Флёнушкина зимой, когда он приехал в Ленинград, поселили в небольшом удобном номере «Астории», на третьем этаже, с окном на площадь у Исаакиевского собора; по комфорту гостиница считалась второй в городе, после «Европейской». Туда сейчас и направились они с вокзала пешком по Невскому, в сторону блестевшей на солнце золотой иглы Адмиралтейства, поочередно неся Костин чемоданчик.
С работниками редакции отношения у Флёнушкина оставались чисто официальными. Протекция «самого» Зиновьева держала старых сотрудников редакции в некотором отдалении от новичка. К нему присматривались. С подчиненными Сандрик, по своему характеру, держаться должным образом не умел и либо напускал на себя холоду, либо делал за них что-нибудь сам.
Он перестал острить, — москвичи бы его не узнали!..
Случайно обнаружив измену жены, Флёнушкин уехал без тяжелых объяснений, решив, что лжи он все равно простить не сможет. Детей, которые могли бы осложнить разрыв, у них не было.

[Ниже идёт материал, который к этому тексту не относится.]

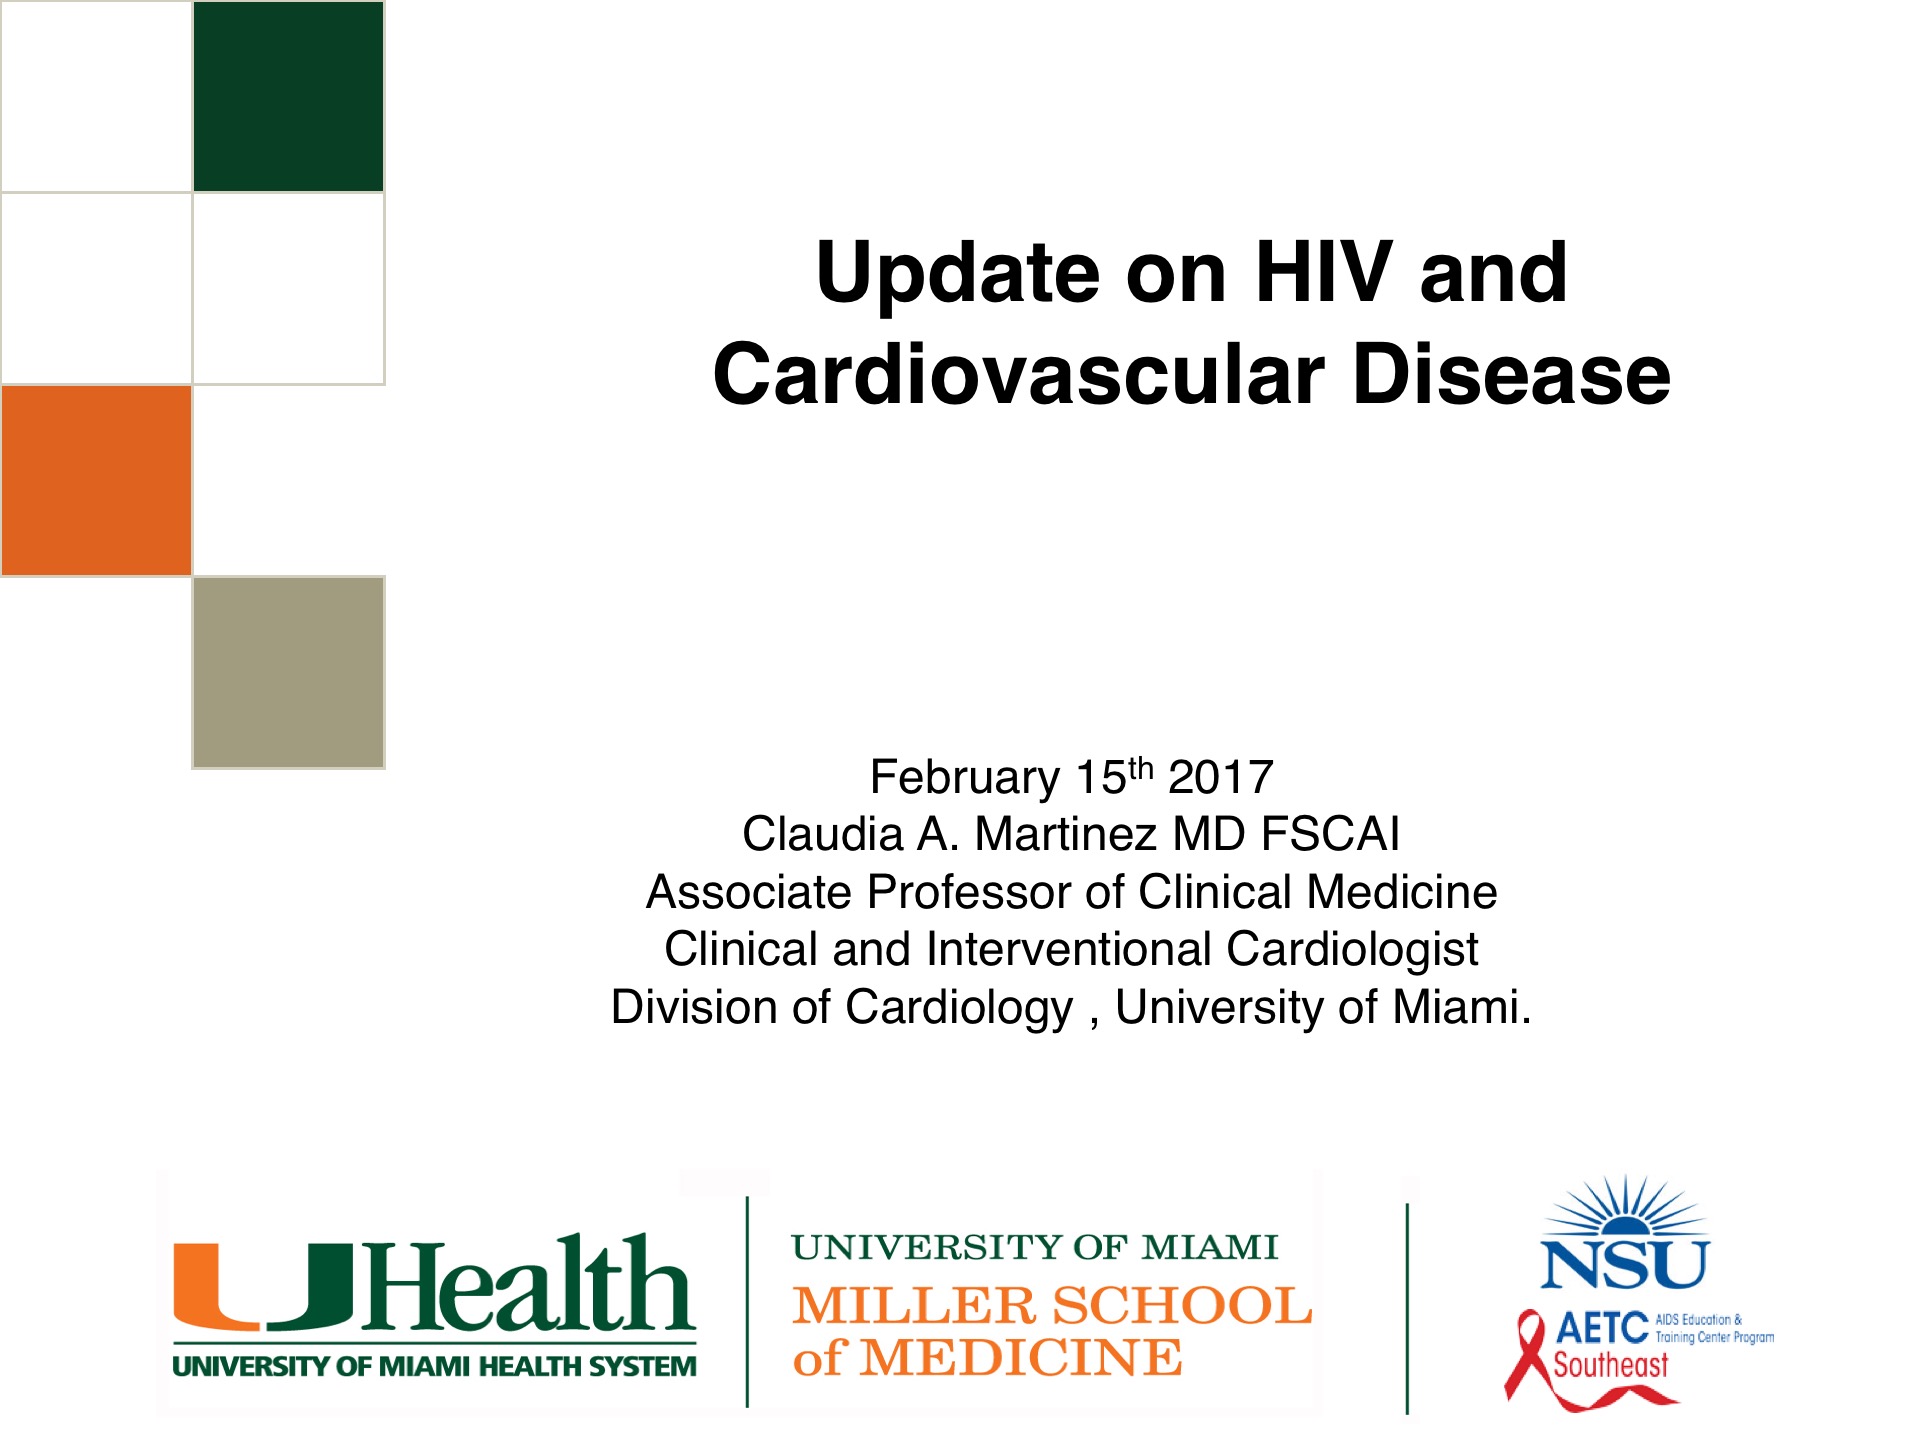 Update on HIV and Cardiovascular Disease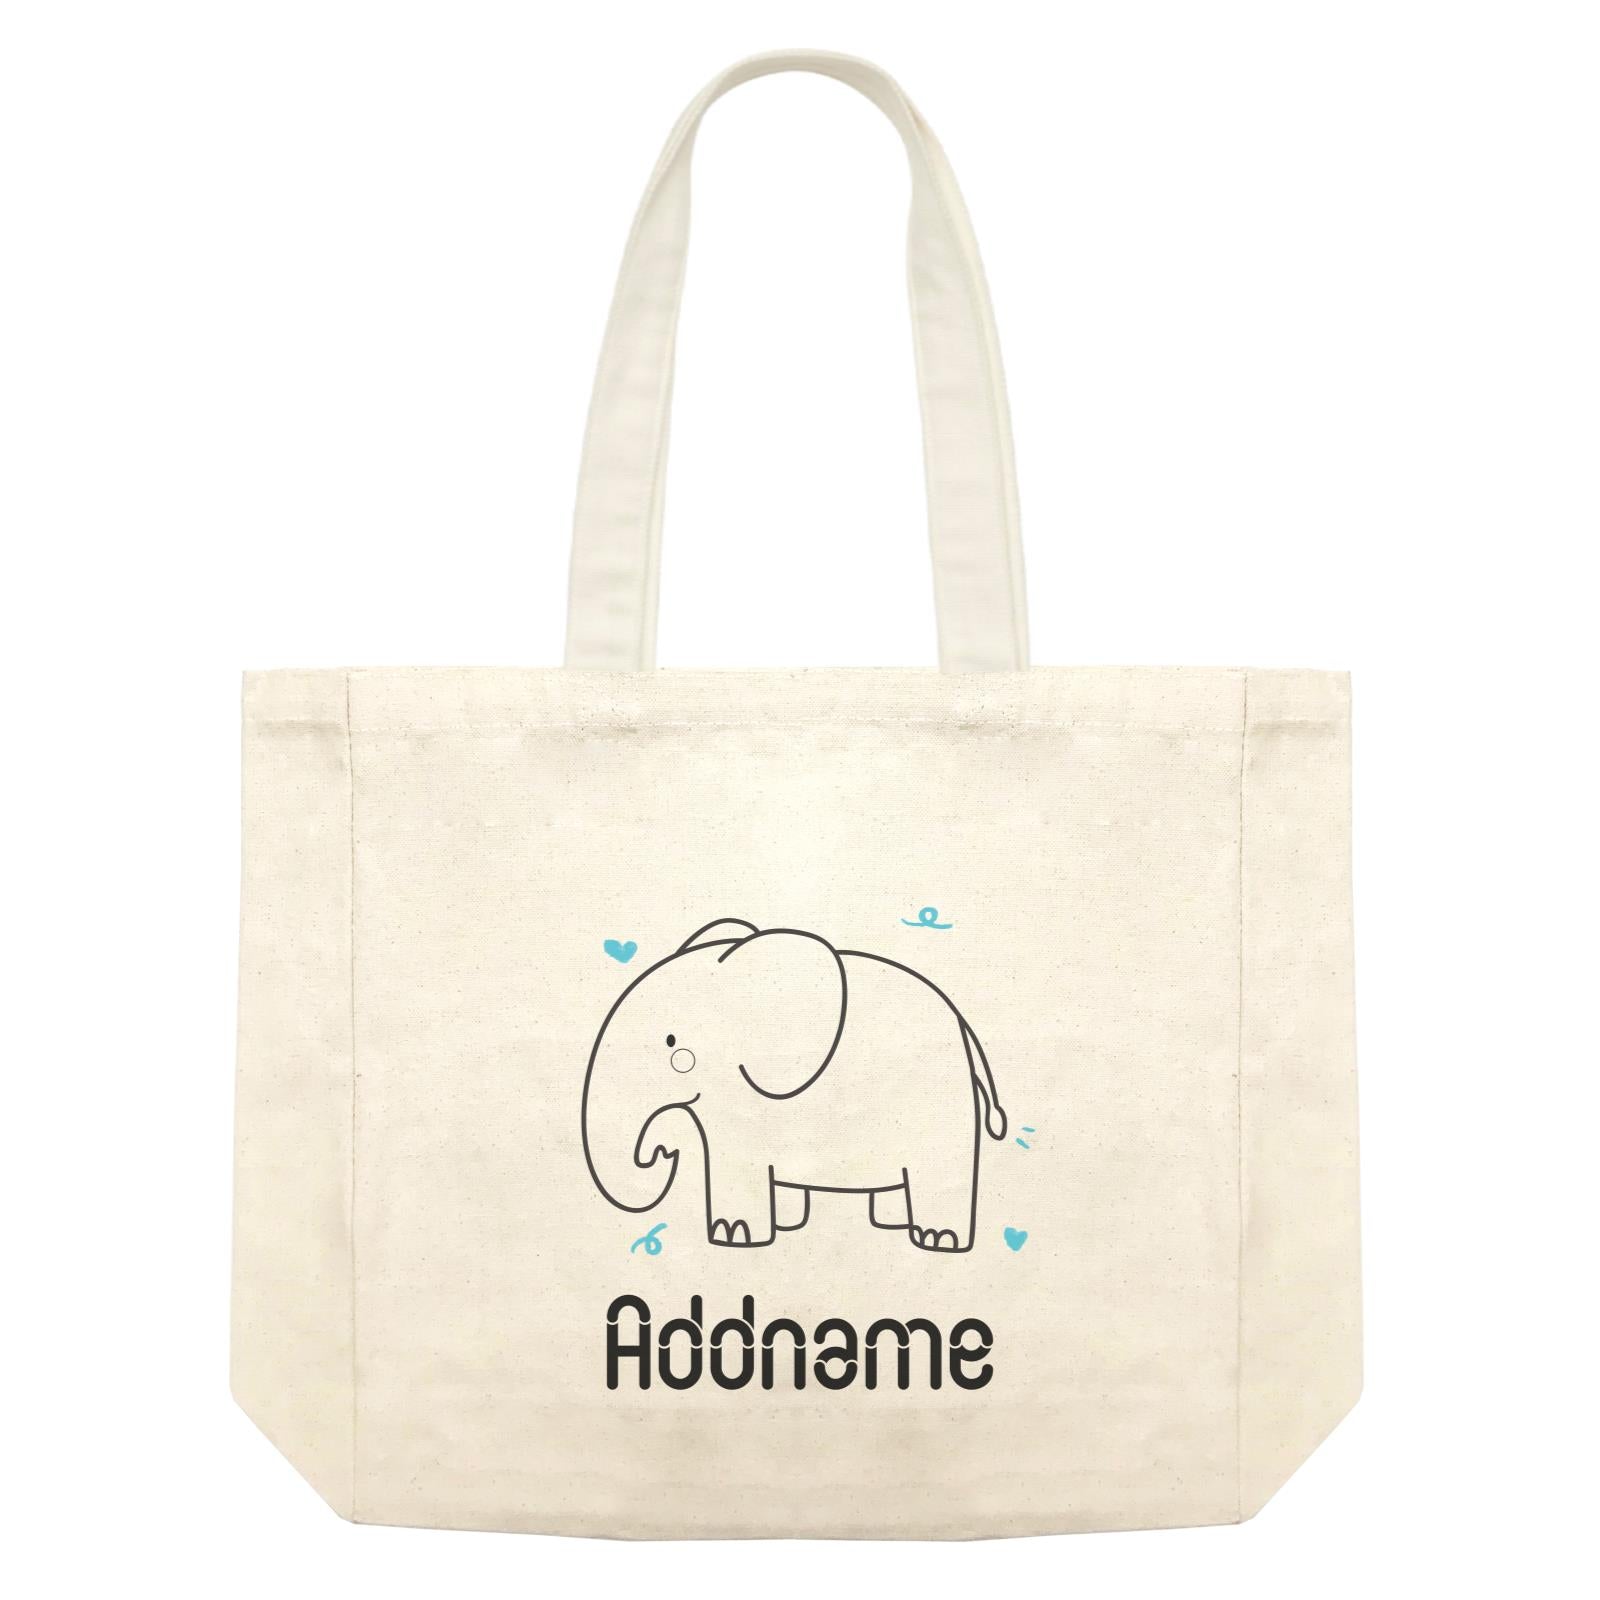 Coloring Outline Cute Hand Drawn Animals Elephants Blue Elephants Addname Shopping Bag

Константину перемена обстановки помогла наконец восстановить прежнюю работоспособность. Он, по выражению Флёнушкина, «зарылся в архивах», а возвращаясь в «Асторию» с головой, распухшей от «фактов и документов», выслушивал Сандриковы излияния.
— Смотри, Костя, — говорил Флёнушкин, — что я нашел в переписке Белинского: «Лучше н и к а к и е, чем ложные отношения…»
Это было совершенно непохоже на московского Сандрика, откровенничать о своих личных делах. Но целые полгода он жил один, без друзей, поэтому в немногие часы, когда они с Костей теперь виделись (вечерами Флёнушкин приходил из газеты поздно), Сандрика прорывало.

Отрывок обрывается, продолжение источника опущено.